Pour les parties civiles, les QPC ont pourtant déjà été tranchées, à deux reprises, par la Cour de cassation. "Les victimes ont besoin d’un procès", assène un jeune avocat, Me Charles-Joseph Oudin.

En filigrane, les parties civiles reprochent aux laboratoires Servier de tenter de fuir le jugement. "Si ça, ce n’est pas pour gagner du temps et botter en touche pour éviter de s’exprimer sur le fond...", lance Me Martine Verdier, avocate de l’association de consommateurs CLCV. "La défense veut jouer sur une faute technique. Ils se disent : mon dossier est mauvais, mais sur un malentendu, ça peut marcher", explique entre deux séances un autre avocat des victimes, Me François Honnorat.

Pour la pneumologue Irène Frachon, l’une des premières à dénoncer les effets du Mediator, nul doute qu’"il faut juger". Pour elle, "la chronologie et les faits sont très clairs, les laboratoires connaissaient la dangerosité de leur produit". En janvier 2011, un rapport de l’Inspection générale des affaires sociales (IGAS) dénonçait aussi une "incompréhensible tolérance" à l’égard du Mediator de la part du groupe pharmaceutique.

À certains moments, les yeux de Jacques Servier se ferment.

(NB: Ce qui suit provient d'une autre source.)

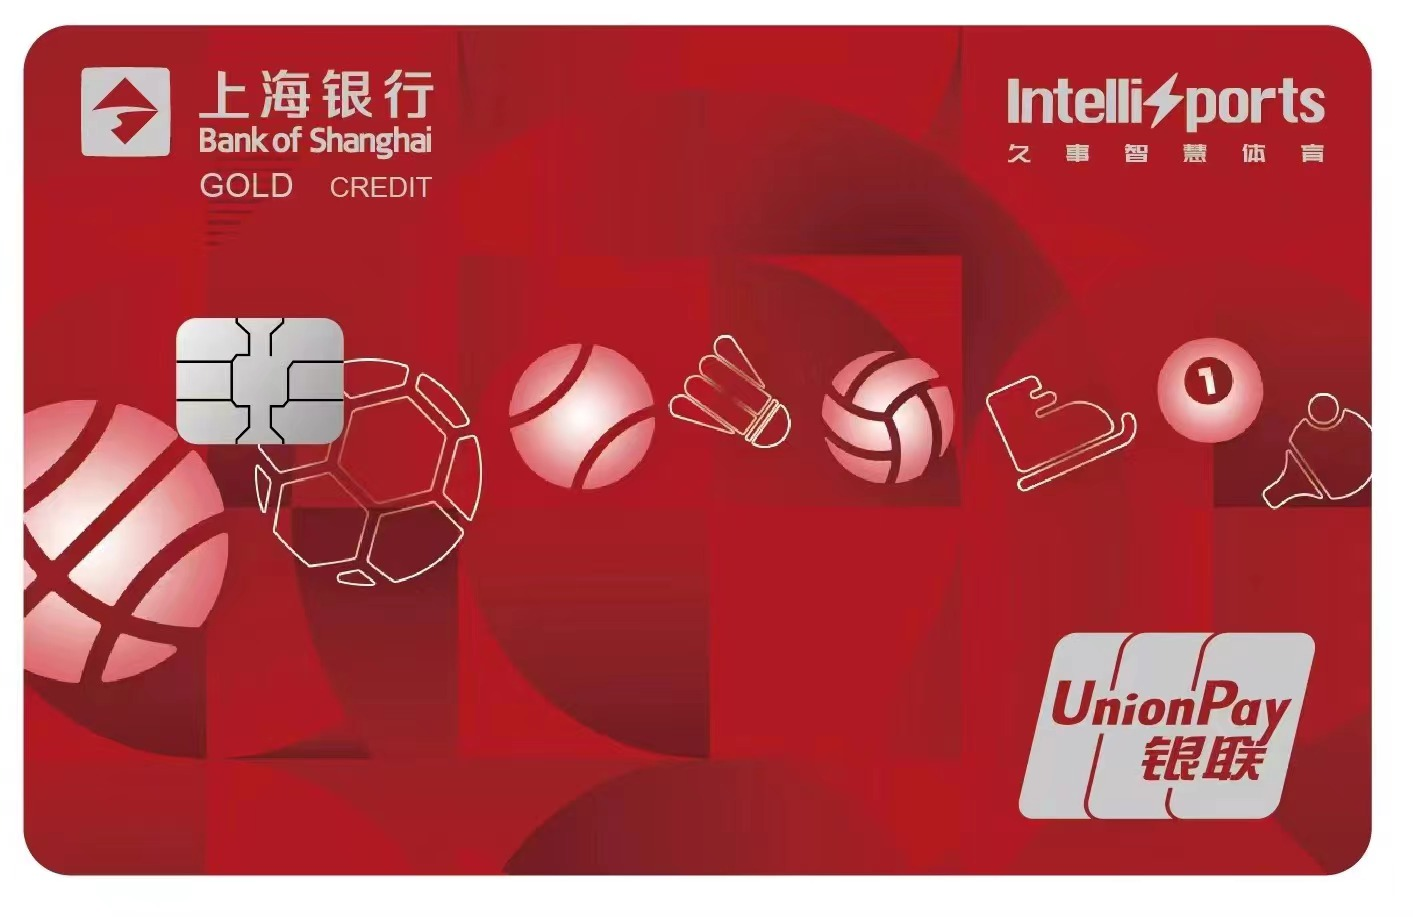 智慧体育 惠享生活——上海银行久事智慧体育联名信用卡预热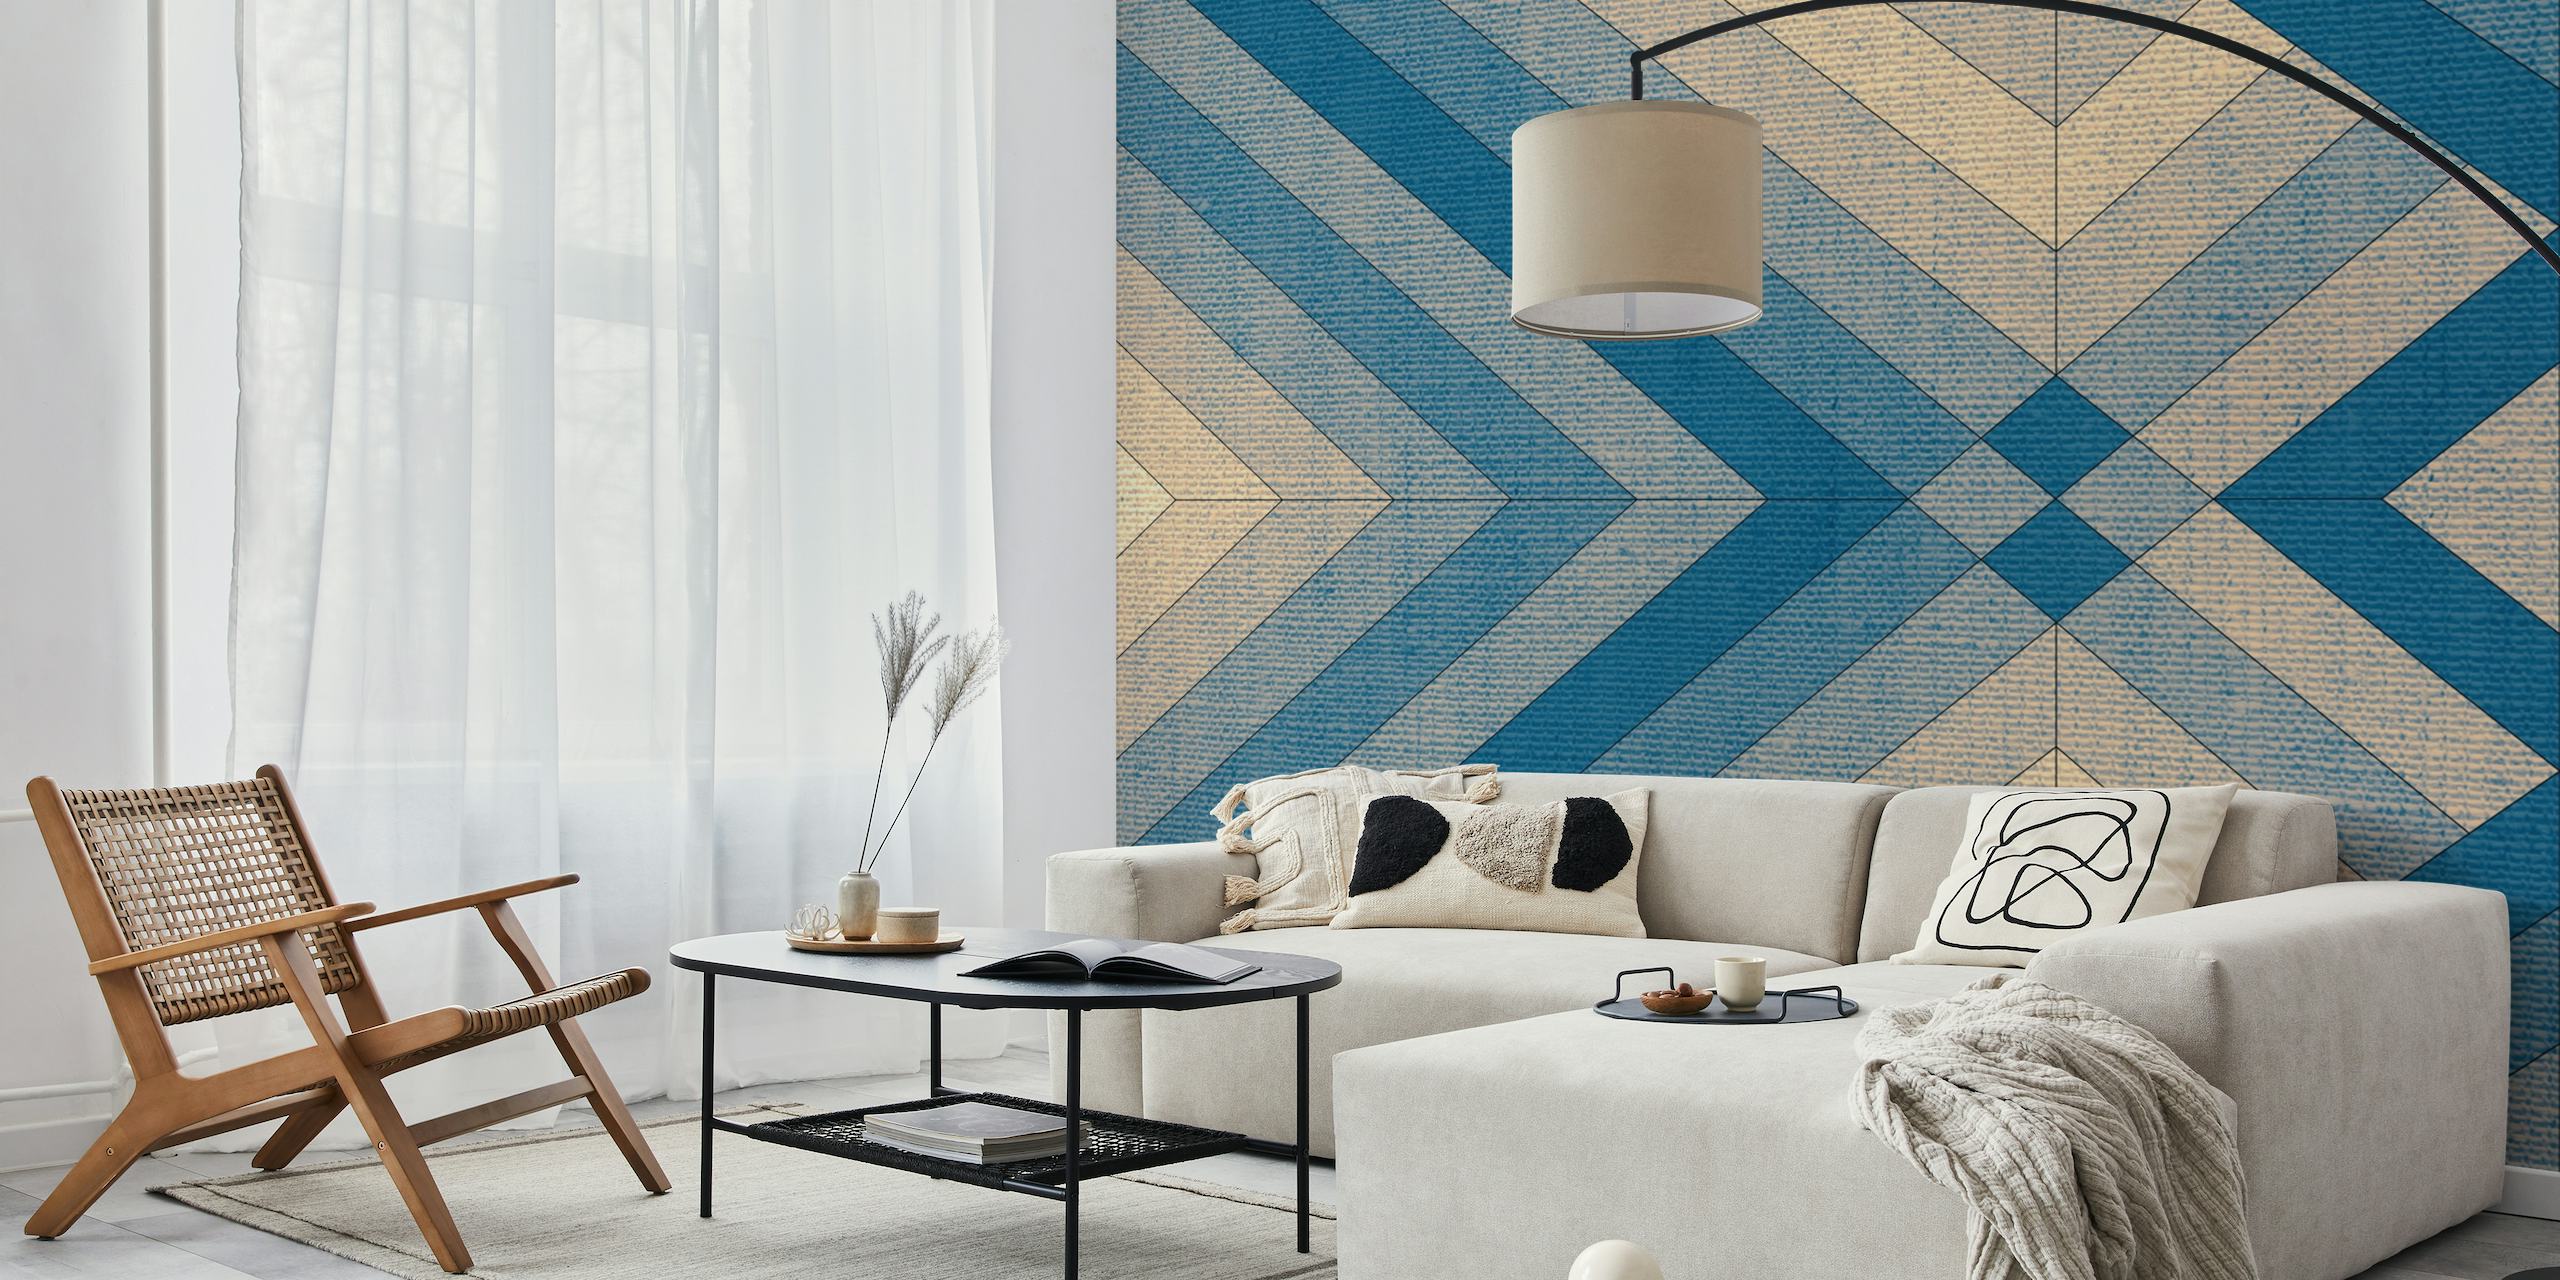 Vægmaleri med geometrisk mønster med en tekstillignende tekstur i blå og beige nuancer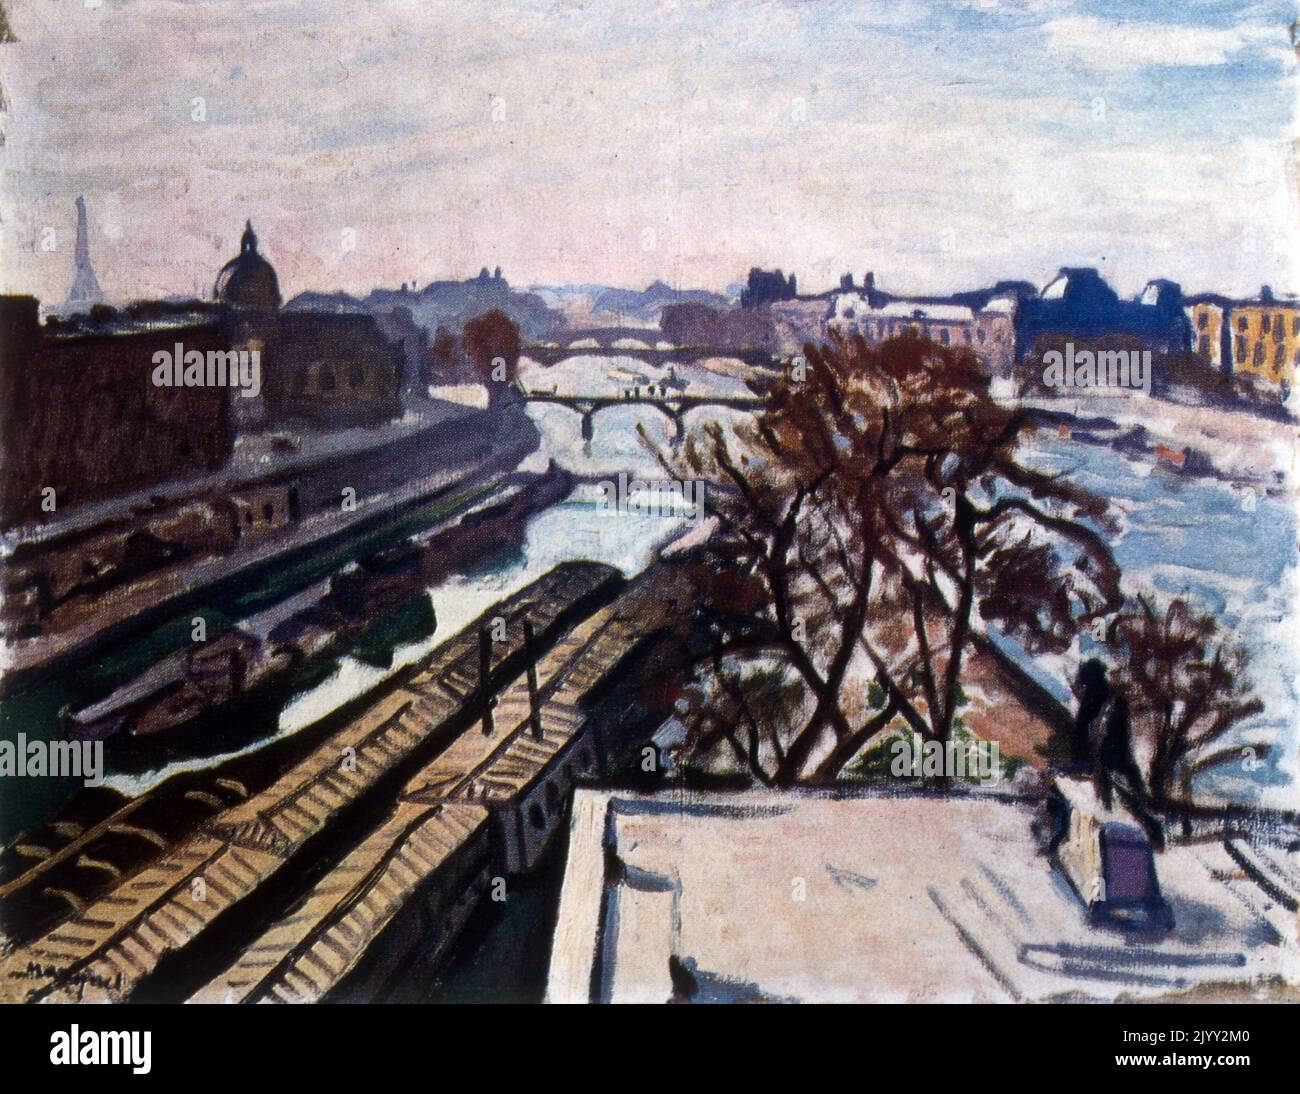 Blick auf die seine. Paris 1907, von Albert Marquet (1875 - 1947), französischer Maler, in Verbindung mit der Fauvist-Bewegung. Öl auf Leinwand Stockfoto

Les ex-cadres des laboratoires et lui encourent quatre ans de prison et une amende de 37 500 euros, Servier et Biopharma une amende de 150 000 euros ainsi qu’une interdiction d’exercer. Mais l’angoisse des victimes est de voir s’enliser ce dossier monumental dans les méandres de l’instruction et de la justice française.

Le Benfluorex
Le benfluorex diffuserait dans l’organisme une substance toxique, la norfenfluramine, une molécule très proche de l’amphétamine. Celle-ci provoque des hypertensions artérielles pulmonaires, qui peuvent nécessiter une greffe, et multiplie par trois le risque de valvulopathies.